We have already reported that the protein tyrosine kinase (PTK) activity in the dog prostate is distributed in cytosolic (75%) and particulate (Triton X-100-solubilized) fractions and that upon gel filtration, both PTKs migrate as entities of Mr 44,000 [(1991) Biochem. Cell. Biol. 69, 146-153]. Herein we demonstrate by immunoprecipitation with anti-phosphotyrosine antibodies that the soluble PTK has the ability to undergo self-phosphorylation. In addition, the polypeptide responsible for that enzymatic activity has been identified by 2 approaches: (1) a two-dimensional electrophoresis, in which the first dimension performed in non-denaturing conditions allowed the localization of the native enzyme, while the second dimension (SDS-PAGE) permitted the analysis of alkali-resistant phosphoproteins corresponding to the activity; (2) protein renaturation after SDS-PAGE followed by in situ phosphorylation (with [gamma-32P]ATP) of polyGT electrophoresed together with the enzyme preparation; the exclusive presence of the radiolabeled phosphotyrosine in the renatured protein confirmed its enzymatic nature. Using these methods, the major form of PTK in the dog prostate was shown to be expressed by a 50 kDa polypeptide which possesses autophosphorylation sites and which is present in the cytosol as an active monomer.
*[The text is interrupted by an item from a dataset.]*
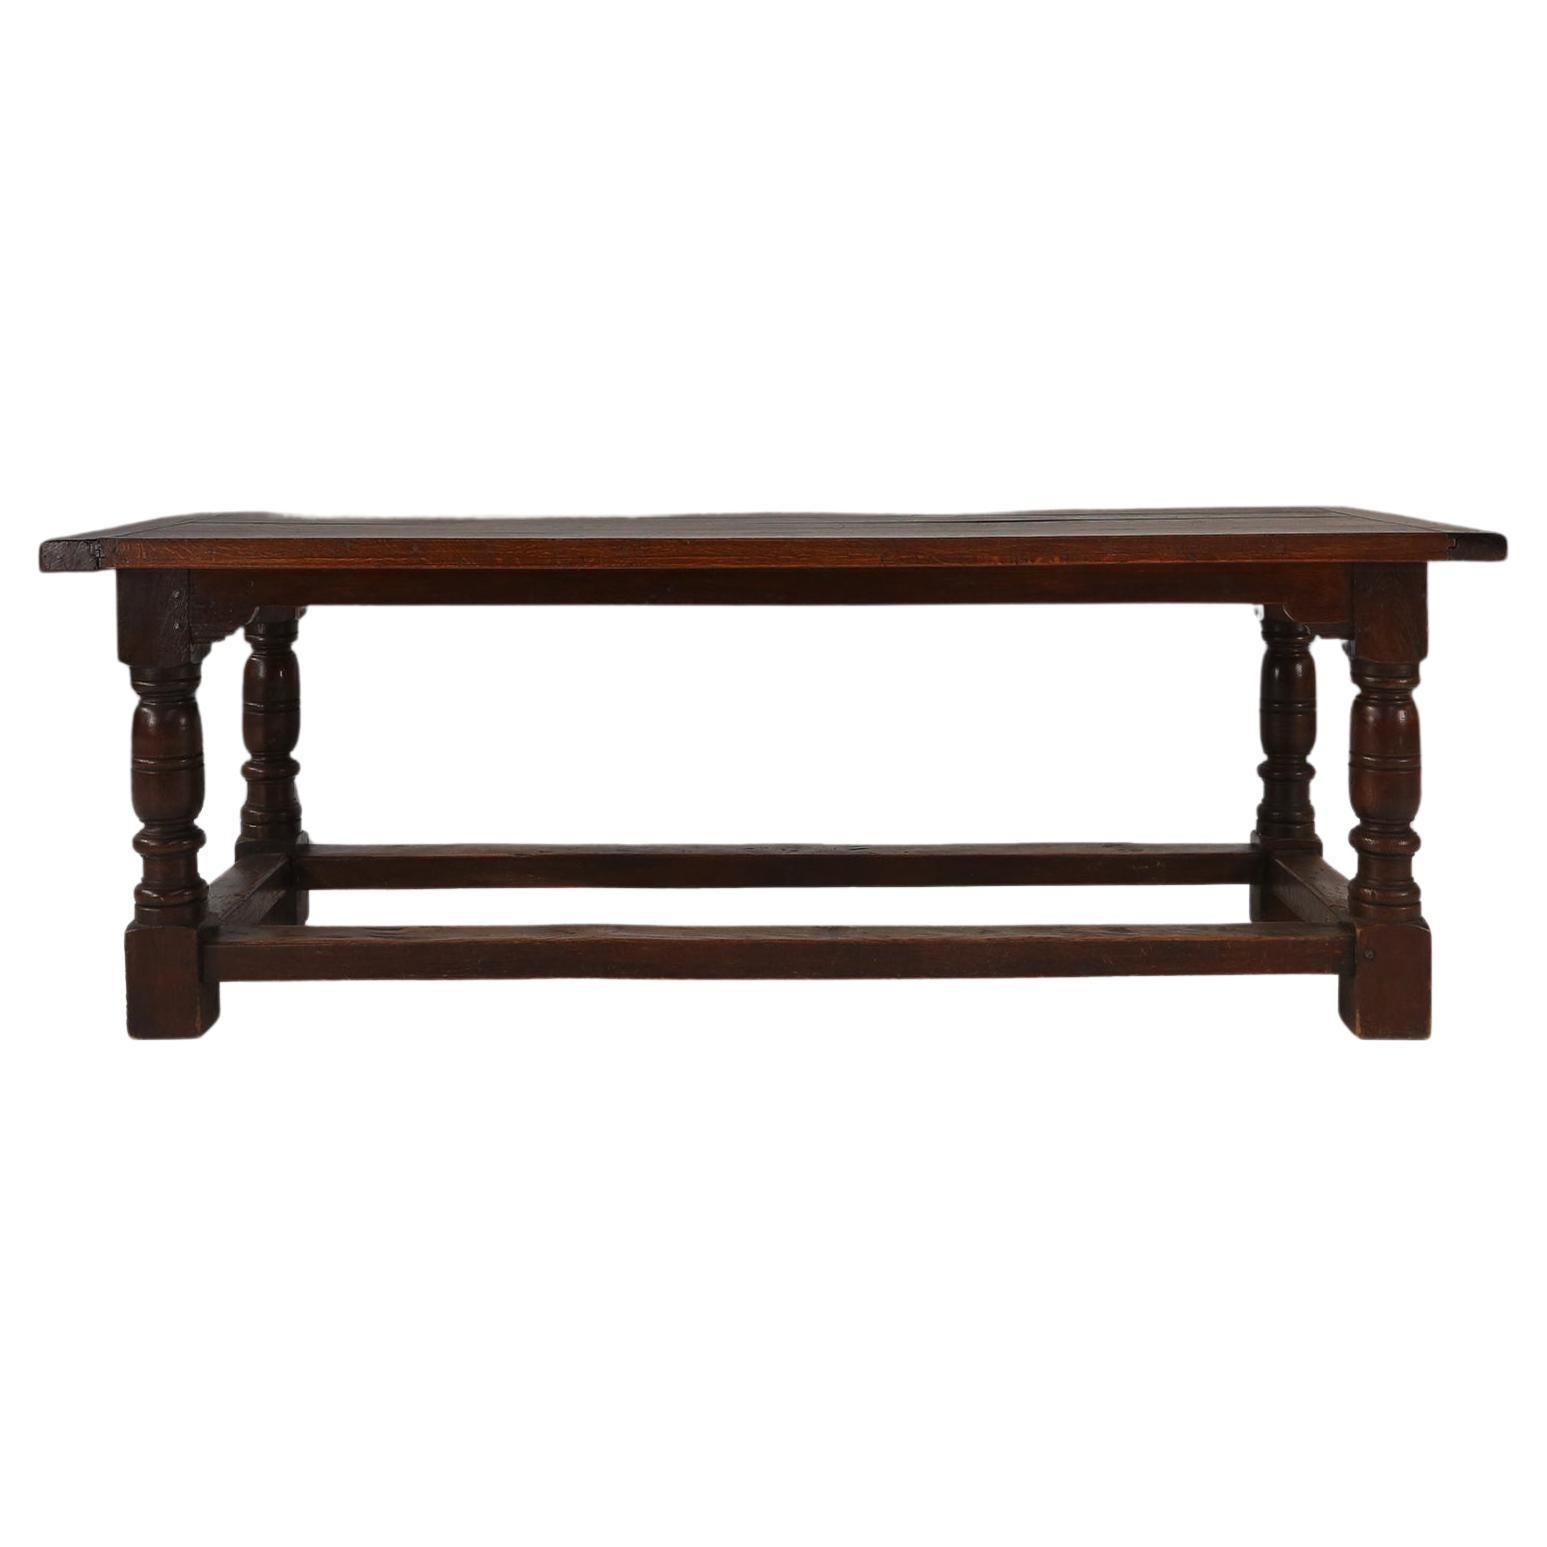 Dieser französische antike, rustikale Tisch aus dunkler Eiche ist die perfekte Ergänzung für jeden modernen Wohnraum oder Einrichtungsstil. Dieser mit Präzision und Liebe zum Detail gefertigte Tisch verbindet Funktionalität mit zeitloser Schönheit.

我们已经报道过,犬前列腺中的蛋白酪氨酸激酶(PTK)活性分布于胞质(75%)和颗粒(经Triton X-100溶解)组分中,并且在凝胶过滤时,两种PTK均以44,000的Mr迁移[(1991) Biochem. Cell. Biol. 69, 146 - 153]。在此,我们通过用抗磷酸酪氨酸抗体进行免疫沉淀证明,可溶性PTK具有自我磷酸化的能力。此外,负责该酶活性的多肽已通过两种方法鉴定:(1)二维电泳,其中在非变性条件下进行的第一维电泳可定位天然酶,而第二维(SDS-PAGE)允许分析与该活性相对应的耐碱磷蛋白;(2)SDS-PAGE后蛋白质复性,然后与酶制剂一起对电泳的聚GT进行原位磷酸化(用[γ-32P]ATP);复性蛋白中放射性标记的磷酸酪氨酸的唯一存在证实了其酶的性质。使用这些方法,犬前列腺中PTK的主要形式被证明由一种50 kDa的多肽表达,该多肽具有自磷酸化位点,并且作为活性单体存在于胞质溶胶中。